We didn't need the spring conferences to tell us that our kids are learning things at school, as they tell us themselves about their units of study, and we see them developing and growing as curious, thinking people. But as a parent, it's nice to see the evidence.

Friday, April 19, 2013

On Being News Interpreter to My Kids

I'm no news junkie, but this has been one of those weeks when it's almost impossible to pull oneself away from the news. Even now as I write this, I'm refreshing the New York Times web site every few minutes to find out if my Boston neighbors can let out their breath. I'm still holding mine.

And at the same time, it's been hard to listen to, watch, or read the news with my curious, observant kids present. "What happened?" I was asked this morning, as I was desperately trying to listen to Morning Edition to find out, myself, what happened in Boston overnight. Desperately, because of the apparent urgency--the way in which it was clear that the radio hosts didn't know themselves exactly what was happening--and also, because my kids kept interrupting me with their own questions. Bella asked me turn off the radio so I could explain to her the news that I had barely been able to hear or digest.

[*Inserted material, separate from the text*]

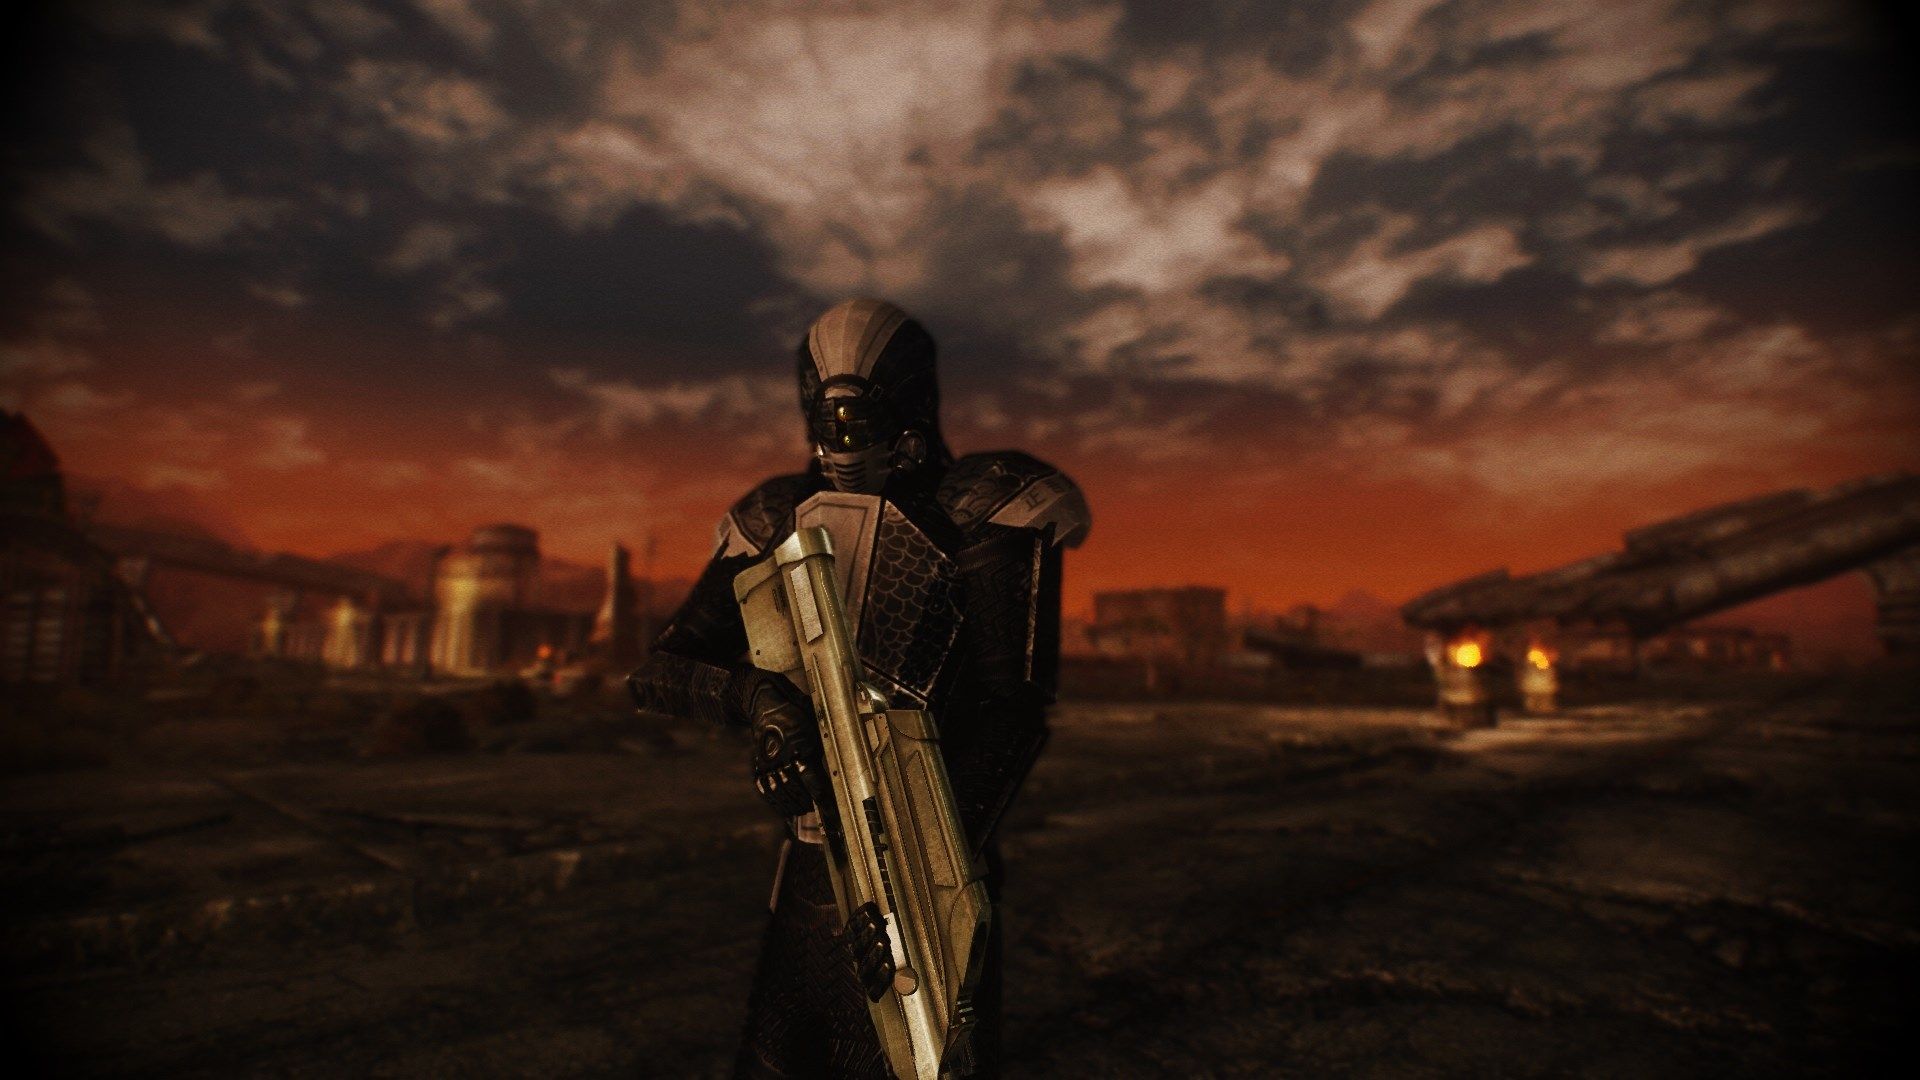 free for mac download Fallout: New Vegas

Kids think we know. Not only are we supposed to know what's happening, but we're supposed to filter the news to them in a sensitive way that makes them feel safe. The National Association of School Psychologists says to: 


  • 1) Be careful what little eyes see and ears hear. Children are less able to handle the intensive, detailed coverage of an event.
  • 2) Reassure children that they are safe. Remind them that trustworthy people are in charge and helping.
  • 3) Maintain a normal routine. Model calm and control.
  • 4) Stick to the facts. Don't stereotype people that might be associated with violence.
  • 5) Keep the lines of communication open. Be aware of children's emotional state.
It used to be I tried very hard not to let my kids know when bad things were happening in the news. Here's when I admit that this week, I mostly gave up.

 Last night, after the surveillance videos of the bombing suspects were released, I spent a few minutes scrutinizing the videos online, bewildered by the very unprecedented nature of such a manhunt. "Who are they?" Bella asked, before I could even get to the bottom of the article. And so began a conversation about suspects and manhunts and surveillance videos and many, many questions to the effect of, "but HOW did they know it was those two guys? Out of all the people who were there?"

 I wanted to say: "You'll understand better when you're old enough to watch Homeland, honey." It's when real life is full of the stuff of grown-up TV, that parents get tested. 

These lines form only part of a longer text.